Dataset records
——————

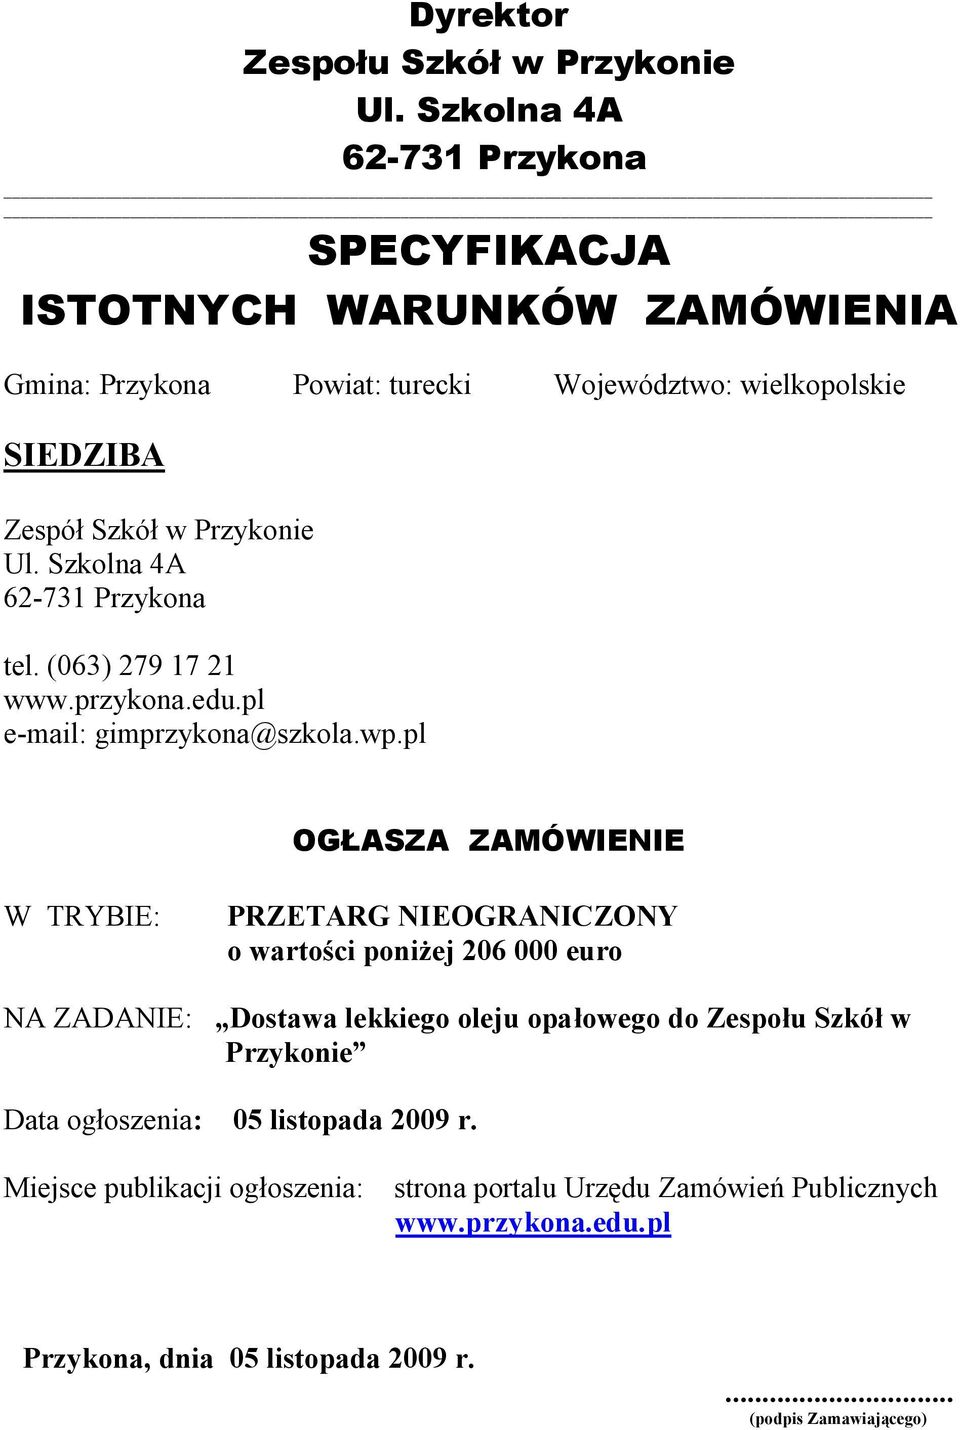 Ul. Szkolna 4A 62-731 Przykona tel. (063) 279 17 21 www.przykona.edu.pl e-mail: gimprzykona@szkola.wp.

——————

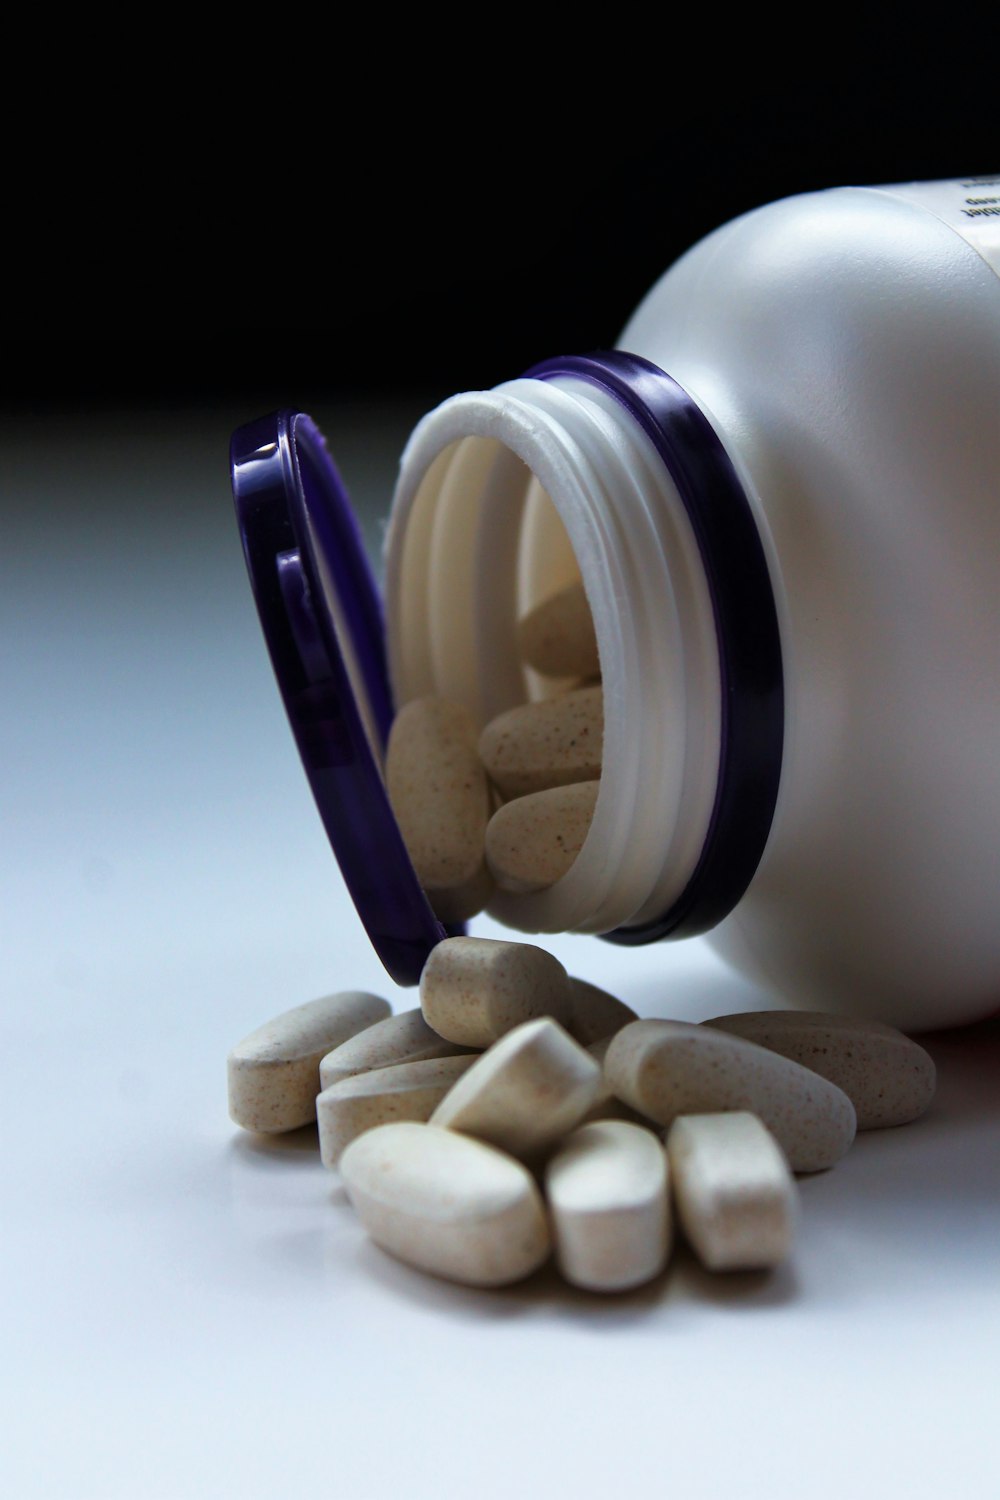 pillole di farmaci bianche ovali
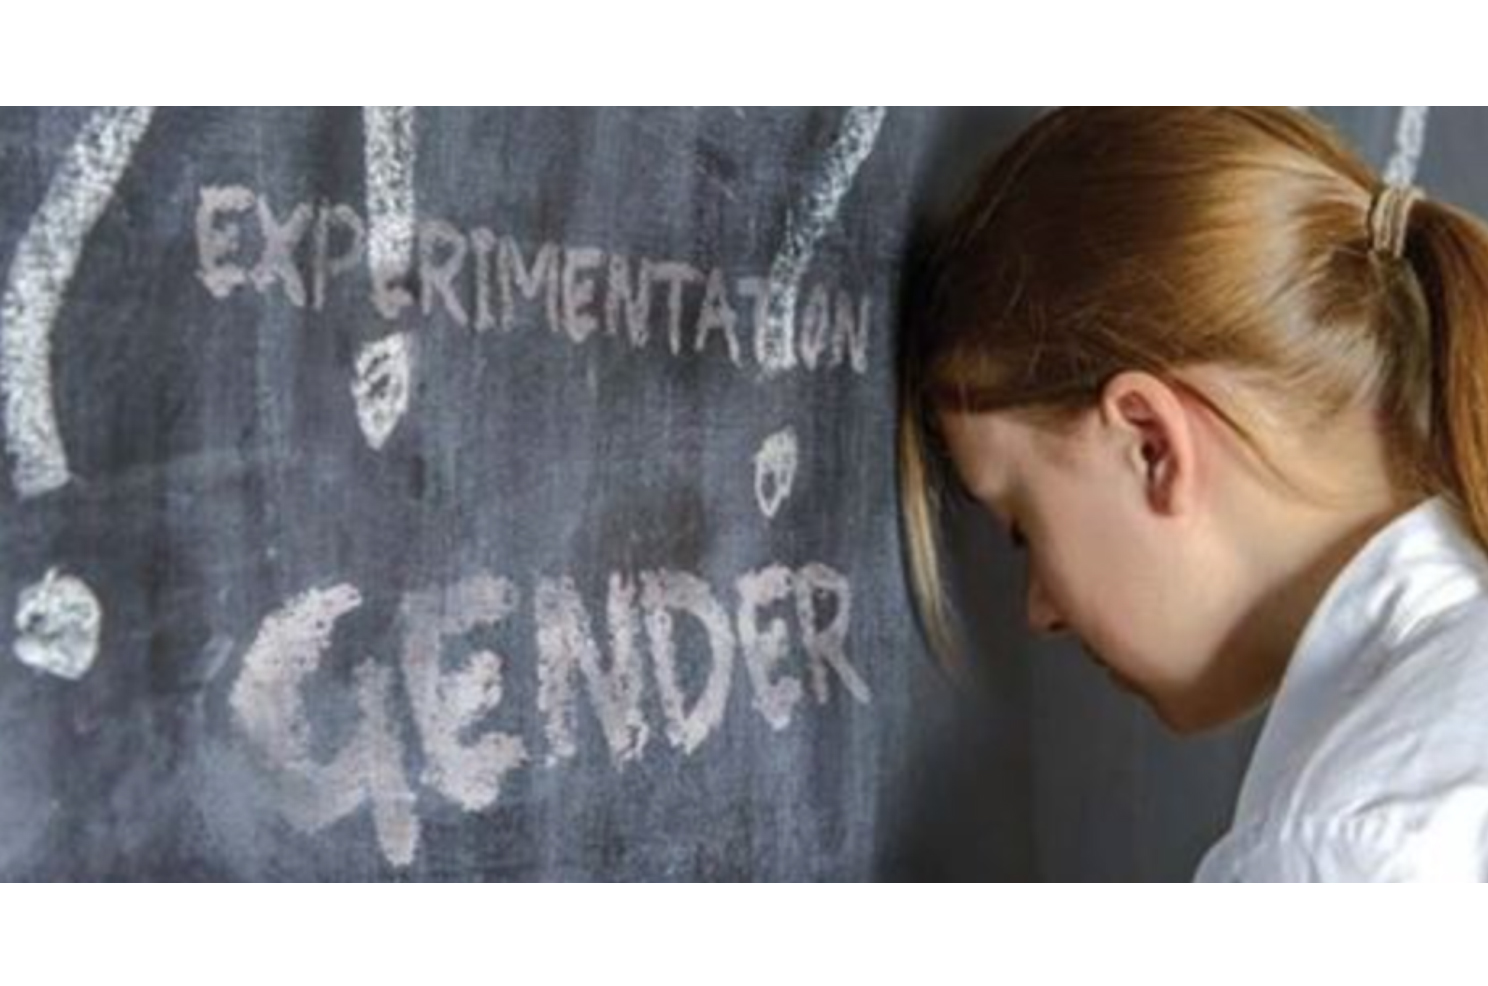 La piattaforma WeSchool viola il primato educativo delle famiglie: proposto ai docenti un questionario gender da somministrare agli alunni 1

——————

Problem statement
Once the line with "pillole di farmaci bianche ovali" has been found above, output that line and every later line exactly, stopping after the line with "La piattaforma WeSchool", and omit the pictures.

Solution for this exercise
 pillole di farmaci bianche ovali
 La piattaforma WeSchool viola il primato educativo delle famiglie: proposto ai docenti un questionario gender da somministrare agli alunni 1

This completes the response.